• ACTIVITY: Search the records for the word "Shirt" and copy each line in which it appears.

• RECORDS SHOWN:
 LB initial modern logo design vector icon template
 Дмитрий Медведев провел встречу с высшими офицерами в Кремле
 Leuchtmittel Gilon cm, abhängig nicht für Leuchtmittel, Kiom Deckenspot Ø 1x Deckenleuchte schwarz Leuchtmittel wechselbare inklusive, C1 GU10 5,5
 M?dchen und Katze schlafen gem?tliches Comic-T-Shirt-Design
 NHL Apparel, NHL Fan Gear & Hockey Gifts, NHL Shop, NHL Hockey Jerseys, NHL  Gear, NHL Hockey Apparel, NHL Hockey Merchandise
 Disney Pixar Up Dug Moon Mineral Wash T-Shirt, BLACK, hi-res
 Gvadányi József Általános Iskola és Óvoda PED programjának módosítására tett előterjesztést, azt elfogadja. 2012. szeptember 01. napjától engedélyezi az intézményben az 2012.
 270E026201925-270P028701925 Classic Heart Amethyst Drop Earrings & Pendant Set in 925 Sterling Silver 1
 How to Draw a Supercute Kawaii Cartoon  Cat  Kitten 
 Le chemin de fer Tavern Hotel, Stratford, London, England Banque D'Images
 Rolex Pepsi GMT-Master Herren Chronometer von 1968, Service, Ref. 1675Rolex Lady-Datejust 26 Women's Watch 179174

• FINAL ANSWER:
 M?dchen und Katze schlafen gem?tliches Comic-T-Shirt-Design
 Disney Pixar Up Dug Moon Mineral Wash T-Shirt, BLACK, hi-res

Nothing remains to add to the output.